Published today in The New England Journal of Medicine, a multi-center phase I clinical study conducted across 11 countries, co-authored by Enriqueta Felip, Principal Investigator of VHIO´s Thoracic Tumors Group, represents an important step forward in the treatment of patients with ALK-rearranged lung cancer.
Up until now, the targeted cancer drug crizotinib, which received accelerated approval to treat ALK- positive non-small cell lung cancer (NSCLC) in 2011, has constituted the standard treatment option for patients suffering with this particular form of lung cancer due to its efficacy in triggering rapid tumor regression. Such effectiveness, as with other drugs directed against cancer-driving gene mutations, has since unfortunately proved temporal.
These patients invariably and ultimately develop resistance to crizotinib, and typically relapse after around 8 months, leaving them with very few alternative treatment options and consequently, little hope. Novel agents aimed at suppressing the growth of recurrent cancers are therefore critical in order to further advance and exact the treatment and care of these patients.
Preclinical studies previously proposed one such promising contender, ceritinib.
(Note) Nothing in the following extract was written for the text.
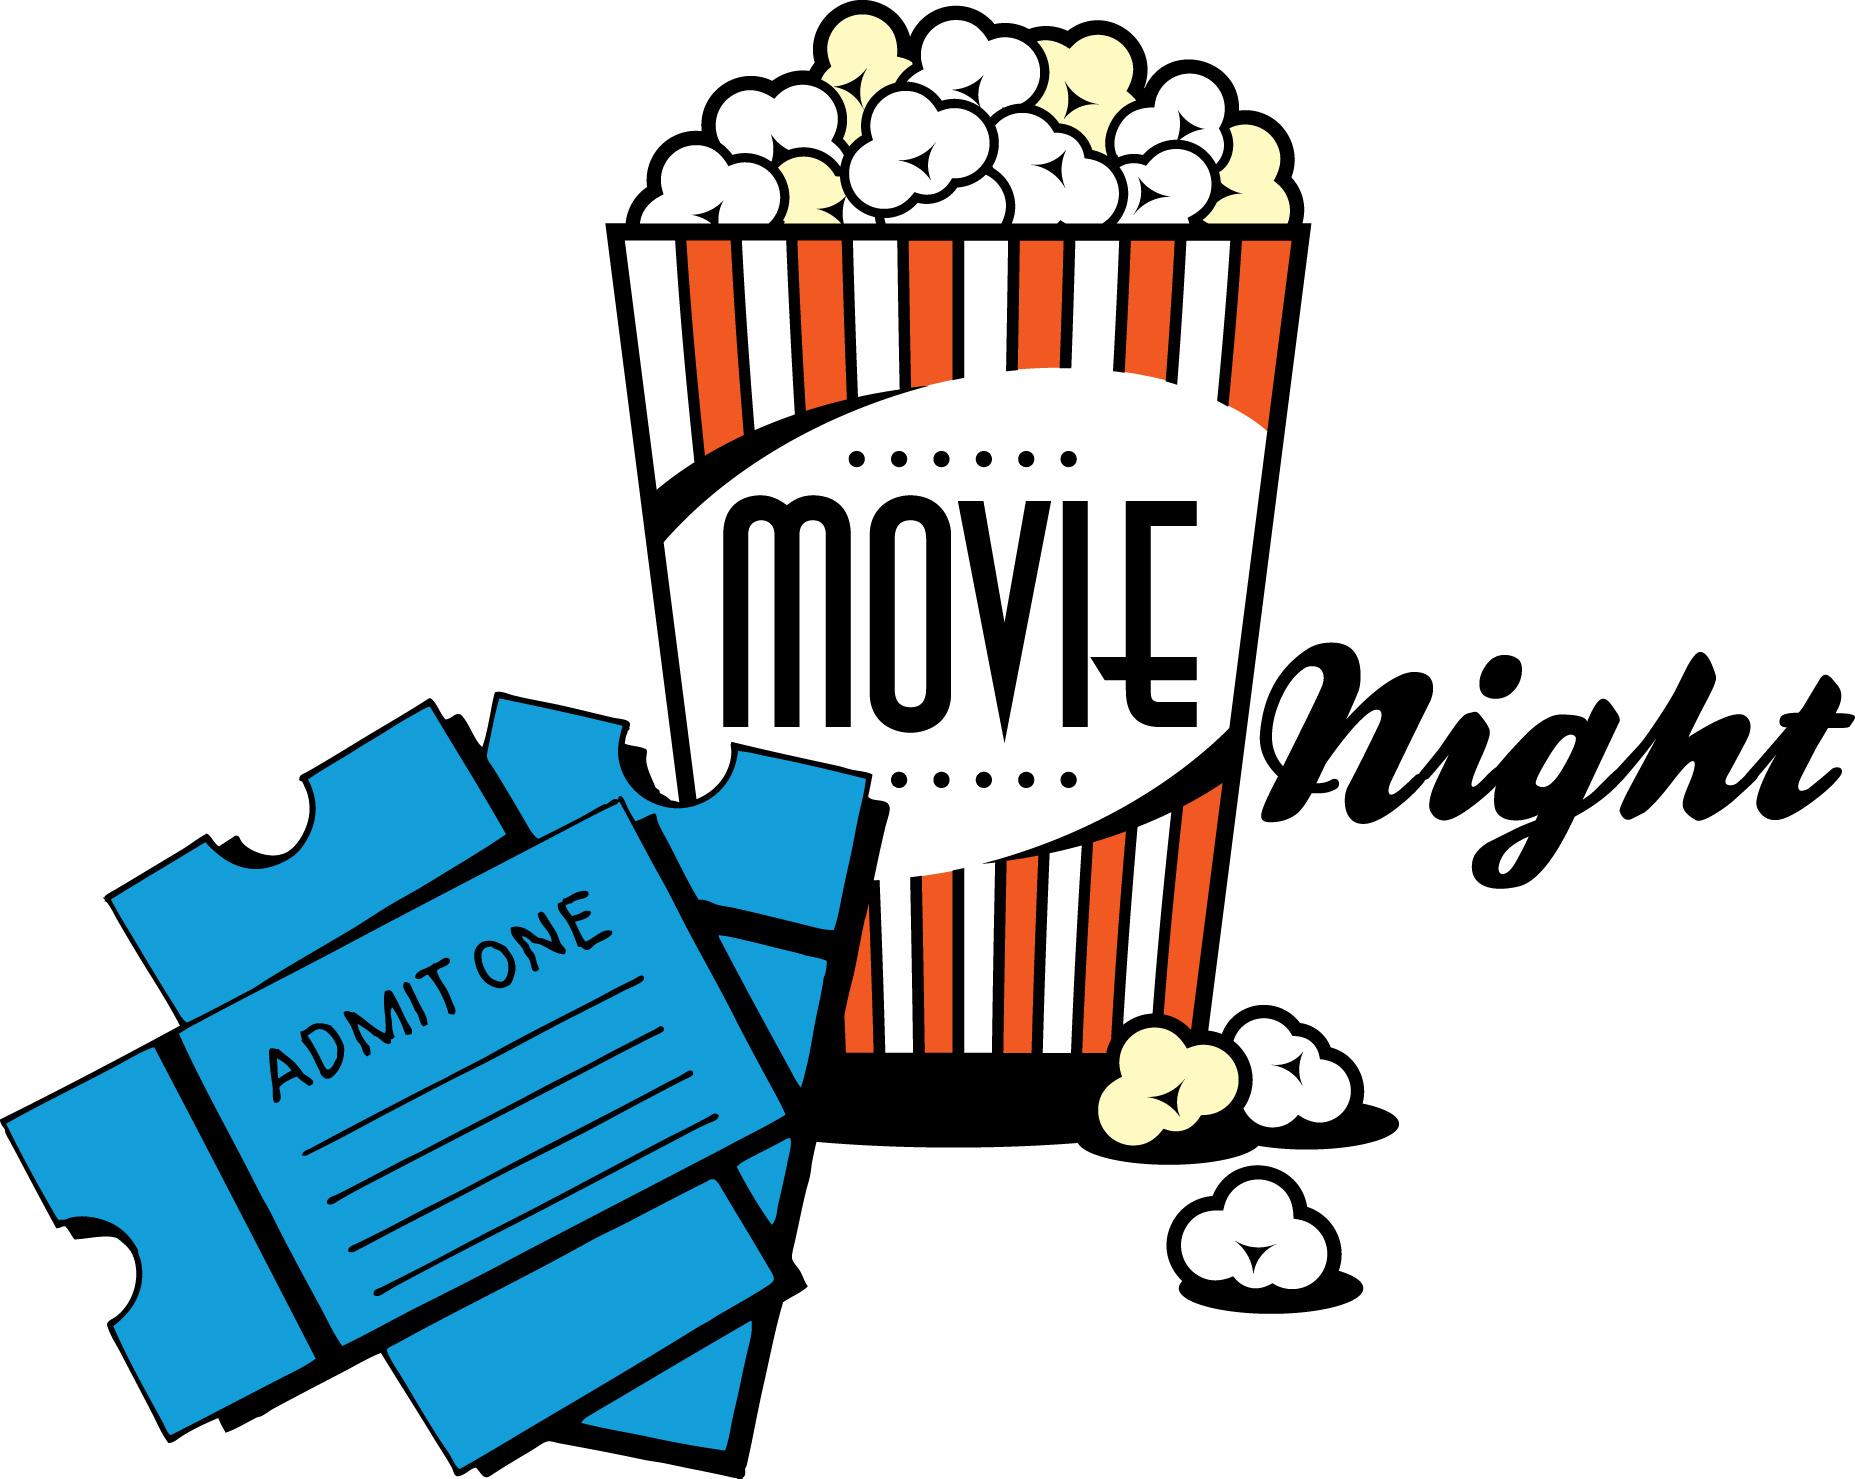 College-Aged Movie Night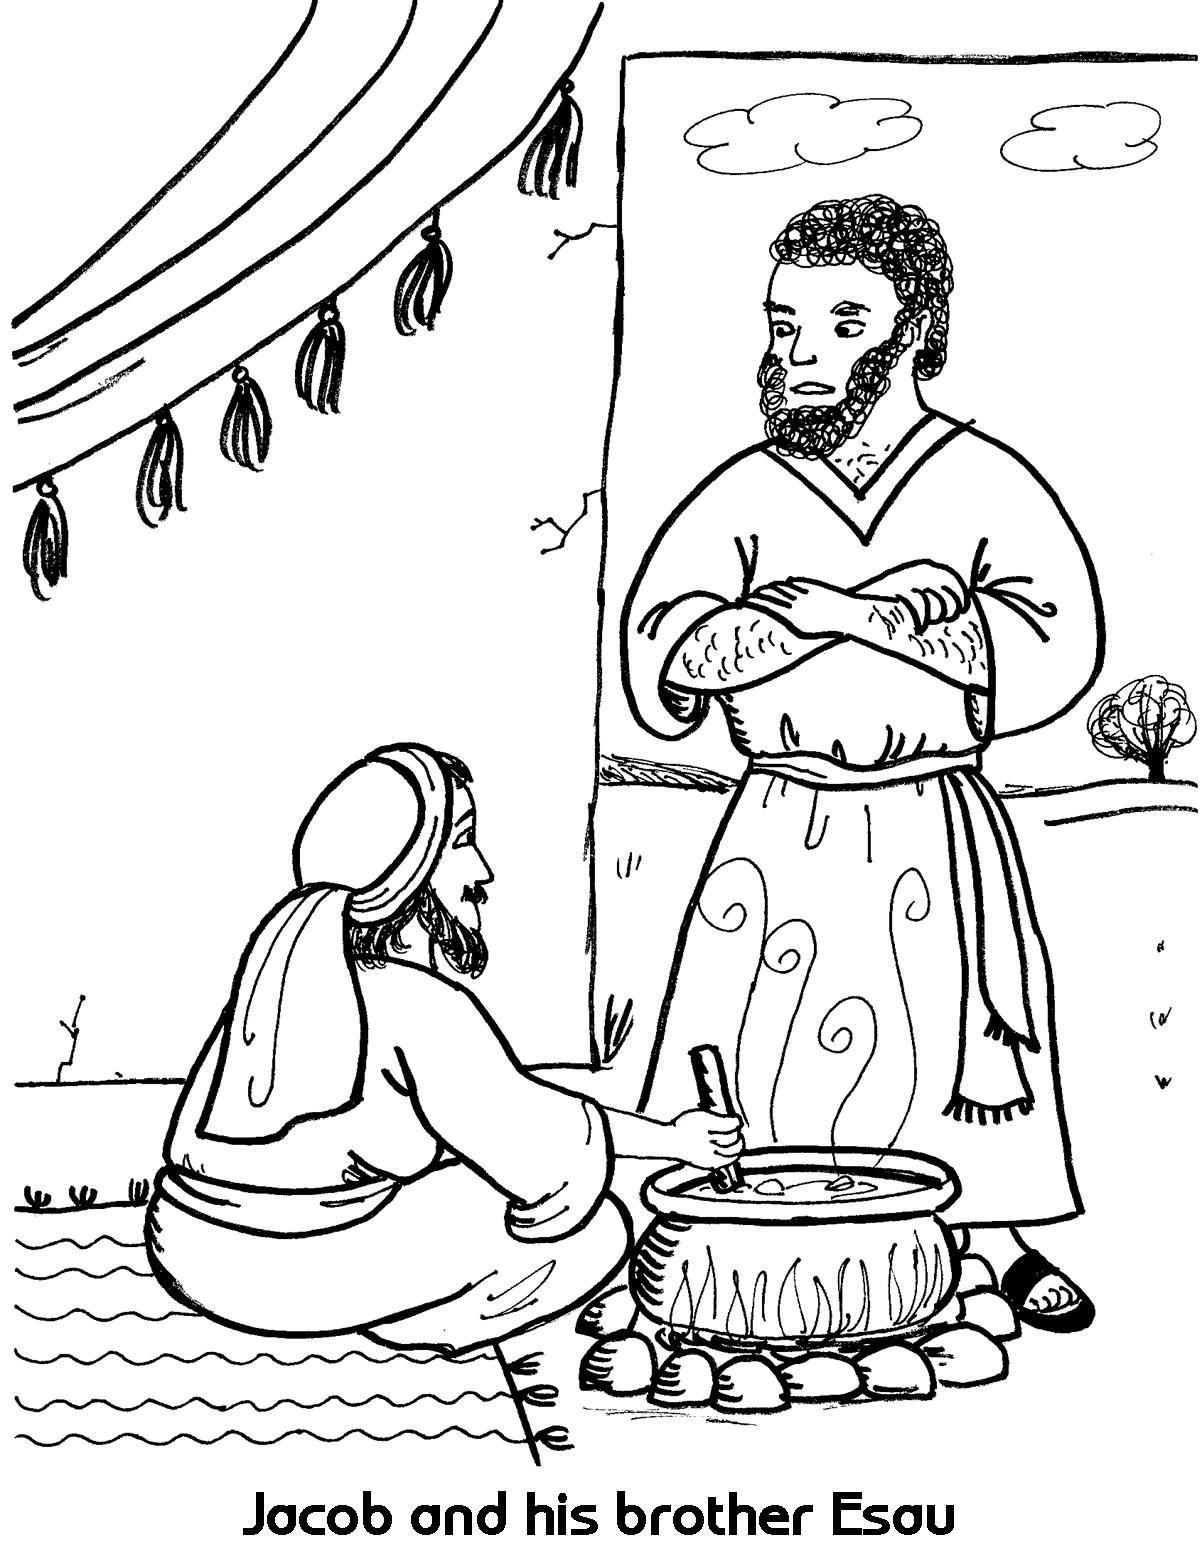 Jacob And His Brother Esau

With a different molecular make-up from crizotinib, preclinical studies indicated that it would be effective in both crizotinib-sensitive and crizotinib-resistant tumors.
Enrolling at total of 130 patients, 23 of whom were recruited from the Vall d´Hebron University Hospital, this current, inspired early-phase clinical study was designed to both assess the agent´s safety and tolerability, as well as observe and measure its efficacy and antitumor activity in humans. Ceritinib not only induced remissions in almost 60% of patients with ALK-rearranged lung cancer, but importantly, responses were independent of whether patients had been treated with crizotinib previously, suggesting refreshed hope of response after relapse occurs following crizotinib treatment. Adverse events were reported as mild, manageable, and resolved when dosage levels were adjusted to alleviate side effects.
“These results show great promise since they open up a new avenue for the future treatment of patients developing resistance to crizotinib. Importantly up until now, there was no other alternative available for these patients,” explains co-author Eriqueta Felip.
To access the original paper* and consult the accompanying editorial**, please visit The New England Journal of Medicine website.
* Alice T. Shaw, M.D., Ph.D., Dong-Wan Kim, M.D., Ph.D., Ranee Mehra, M.D., Daniel S.W. Tan, M.B., B.S., Enriqueta Felip, M.D., Ph.D., Laura Q.M. Chow, M.D., D. Ross Camidge, M.D., Ph.D., Johan Vansteenkiste, M.D., Ph.D., Sunil Sharma, M.D., Tommaso De Pas, M.D., Gregory J. Riely, M.D., Ph.D., Benjamin J. Solomon, M.B., B.S., Ph.D., Juergen Wolf, M.D., Ph.D., Michael Thomas, M.D., Martin Schuler, M.D., Geoffrey Liu, M.D., Armando Santoro, M.D., Yvonne Y. Lau, Ph.D., Meredith Goldwasser, Sc.D., Anthony L. Boral, M.D., Ph.D., and Jeffrey A. Engelman, M.D., Ph.D. Ceritinib in ALK-Rearranged Non–Small-Cell Lung Cancer. N Engl J Med 2014; 370:1189-1197 March 27, 2014
** Thomas, Roman K. (2014) Overcoming Drug Resistance in ALK-Rearranged Lung Cancer. N Engl J Med 2014; 370:13, 1250-1251.